Presented by Klipfolio


Over the years, I’ve had the honor of listening to and learning from many smart business leaders. I’ve even been fortunate enough to participate in a few of their conversations.

But while there are many worthwhile conversations happening in the SaaS (Software as a Service) industry, I struggle to patiently listen when debates surface around key SaaS business metrics. To me, there is no debate. This is one aspect of SaaS that is cut and dry.

So when I watch SaaS leaders become argumentative with each other as they discuss the finer points of fundamental concepts such as MRR (monthly recurring revenue) or churn rate, I find myself wondering:

What are they really arguing about?

Most SaaS topics should be open to debate. Such debates often spark opportunities (if we’re willing to listen) to learn from the collective swirl of each other’s ideas.

But today I’d like to share a few things I hope SaaS leaders will find helpful. Our company is fresh off a Series B round of funding, and one of the many aspects that helped us get this far is how focused we’ve remained on three specific business metrics. They can be applied to any SaaS business.

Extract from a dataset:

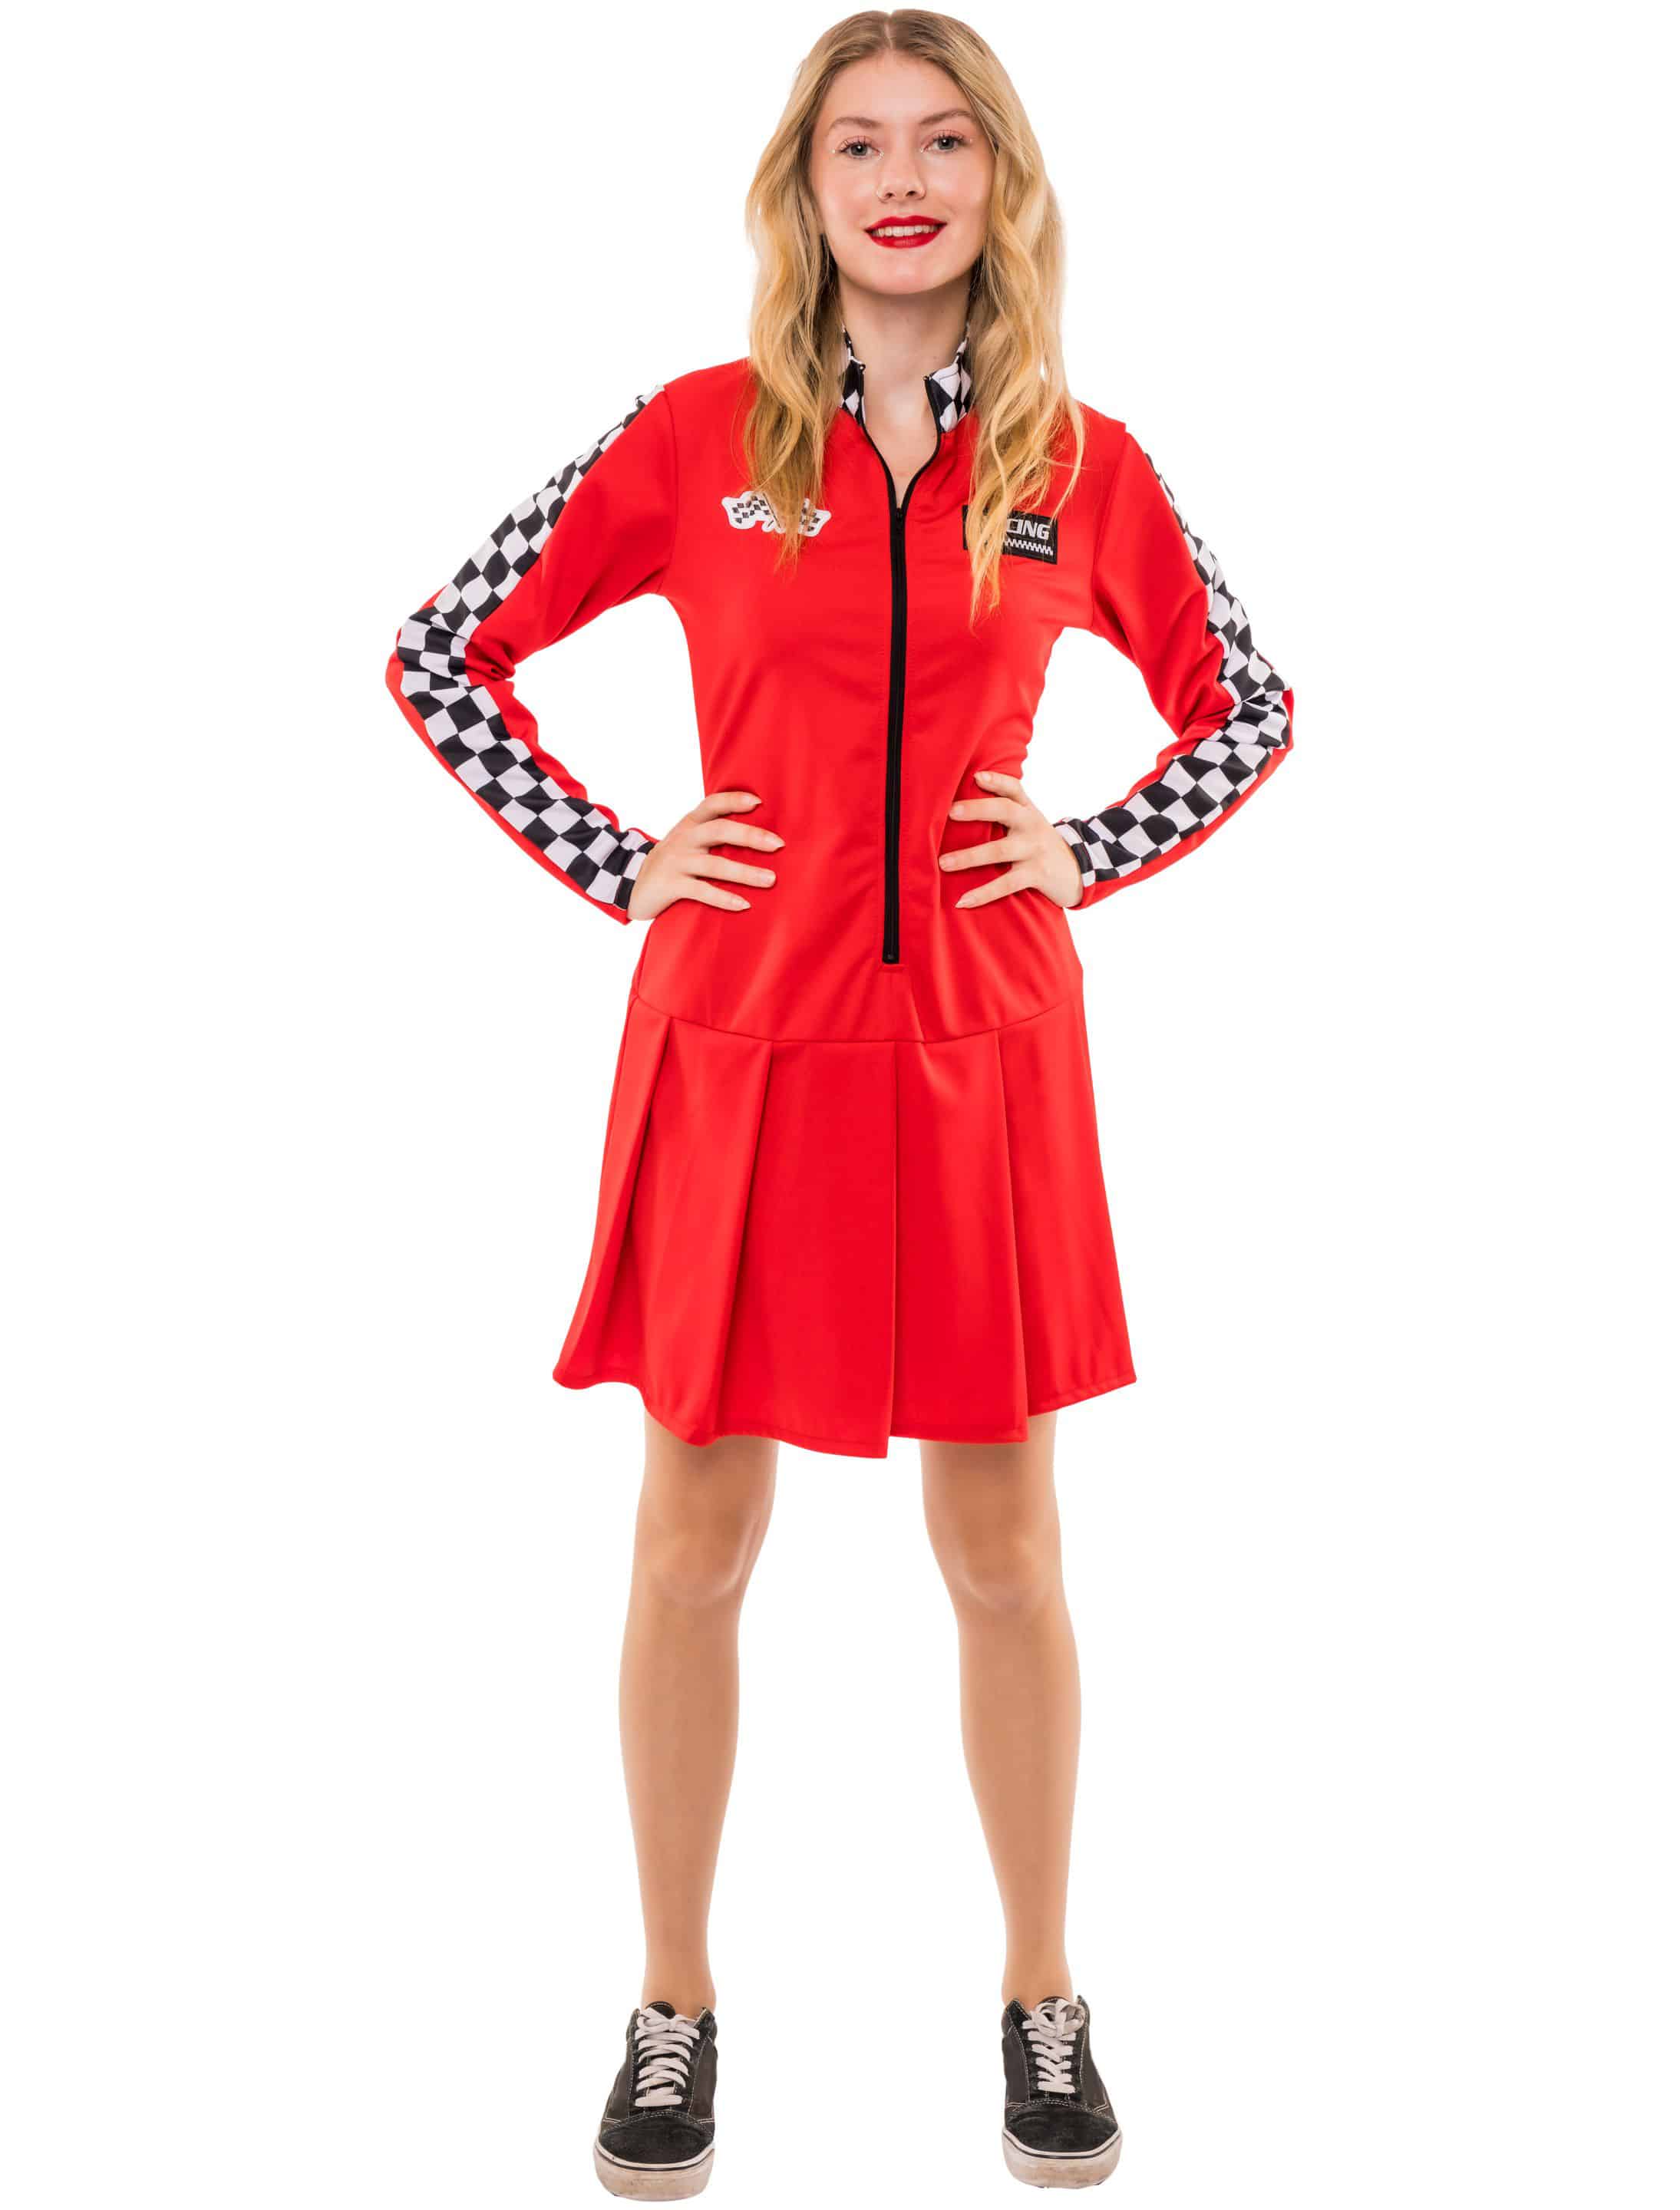 Kleid Rennfahrerin Damen schwarz/weiß/rot S/M

In narrowing our focus on growth as opposed to efficiency, we only have two fundamental values (accounts and recurring revenue) that we need to know before digging into our three business metrics.

Together, these two values tell us how many customers we have and how much they pay us on a recurring basis. These are the building blocks necessary to understand how a growth-oriented company like ours is doing. You should know these numbers in your sleep.

Accounts

This is simply the number of customers you have — the sum of existing accounts and accounts gained, minus cancellations.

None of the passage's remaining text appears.